Study Links Marijuana Use to Greater Risk for Developing Addiction to Other Drugs

Study Links Marijuana Use to Greater Risk for Developing Addiction to Other Drugs

A new study suggests marijuana smokers may be significantly more likely to develop an addiction to other drugs and alcohol than people who don’t use marijuana.

People who used marijuana were not more likely to develop a mood or anxiety disorder, HealthDay reports.

“This new finding raises the possibility that the recent rise in marijuana use may be contributing to the coincident rise in serious harms related to narcotics and other drugs of abuse,” said lead researcher Dr.
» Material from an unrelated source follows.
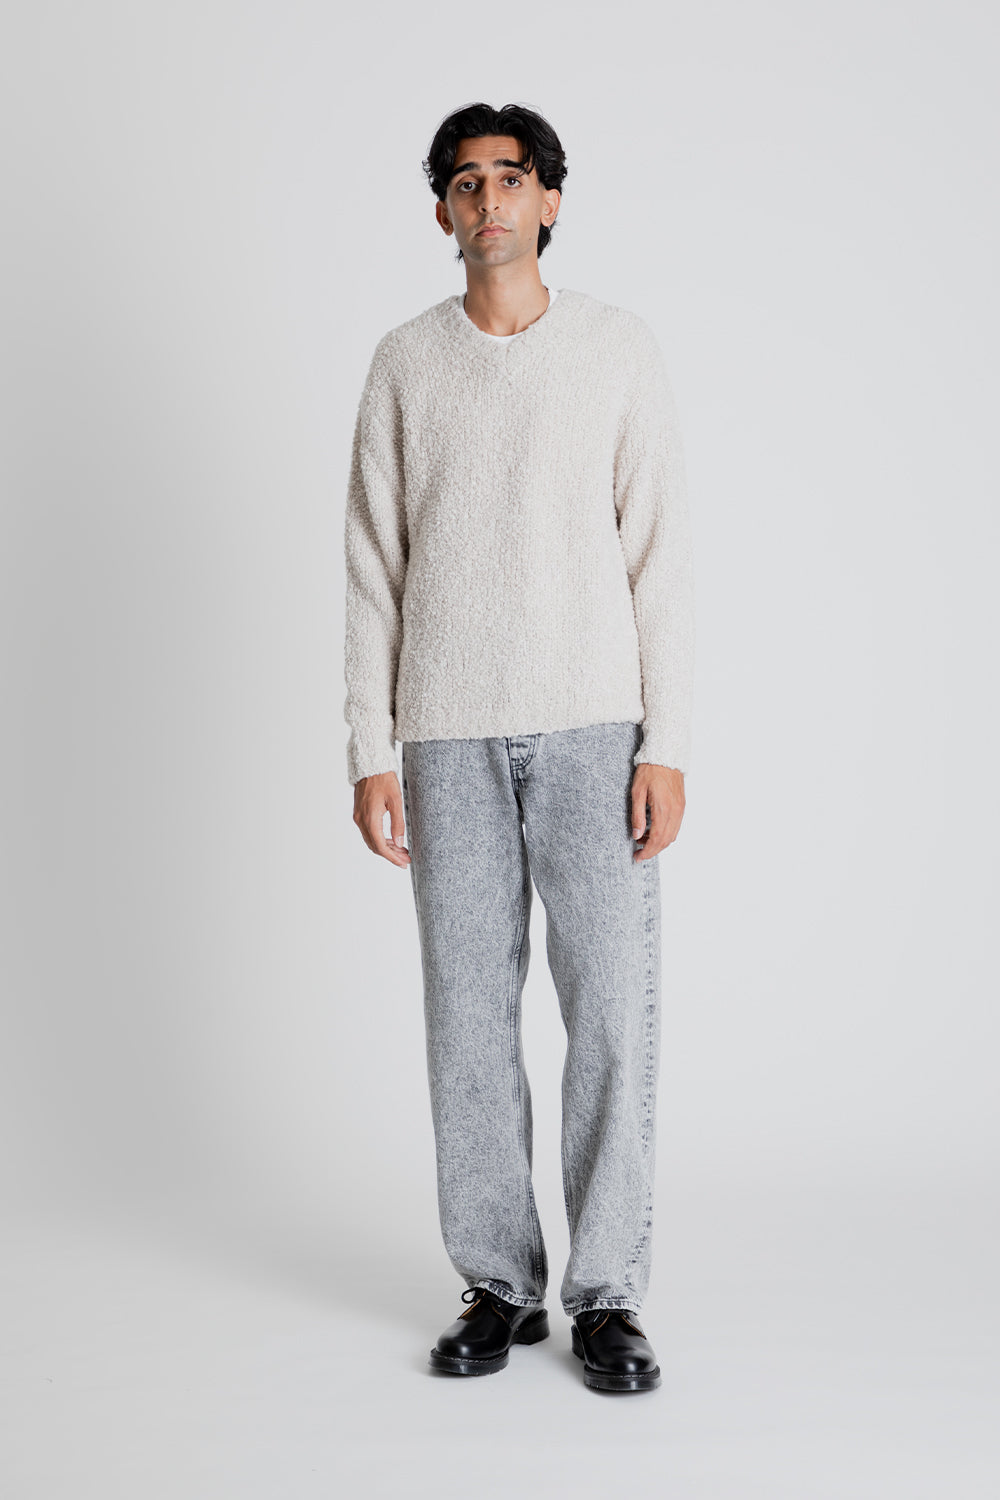 Sunflower Aske Sweater in Off White | Wallace Mercantile Shop

Mark Olfson of Columbia University Medical Center.

The study, published in JAMA Psychiatry, included almost 35,000 adults who were interviewed three years apart. At the time of the first interview, almost 1,300 used marijuana. After three years, two-thirds of people who used marijuana had some form of substance use disorder, compared with less than 20 percent of people who did not use marijuana in the previous year.

People who used marijuana once or more a month had higher rates of substance use disorders. Olfson noted the study did not prove that marijuana caused other addictions, but said the possibility should be considered.

“In the ongoing national debate concerning whether to legalize recreational marijuana, the public and legislators should take into consideration the potential for marijuana use to increase the risk of developing alcohol abuse and other serious drug problems,” he said.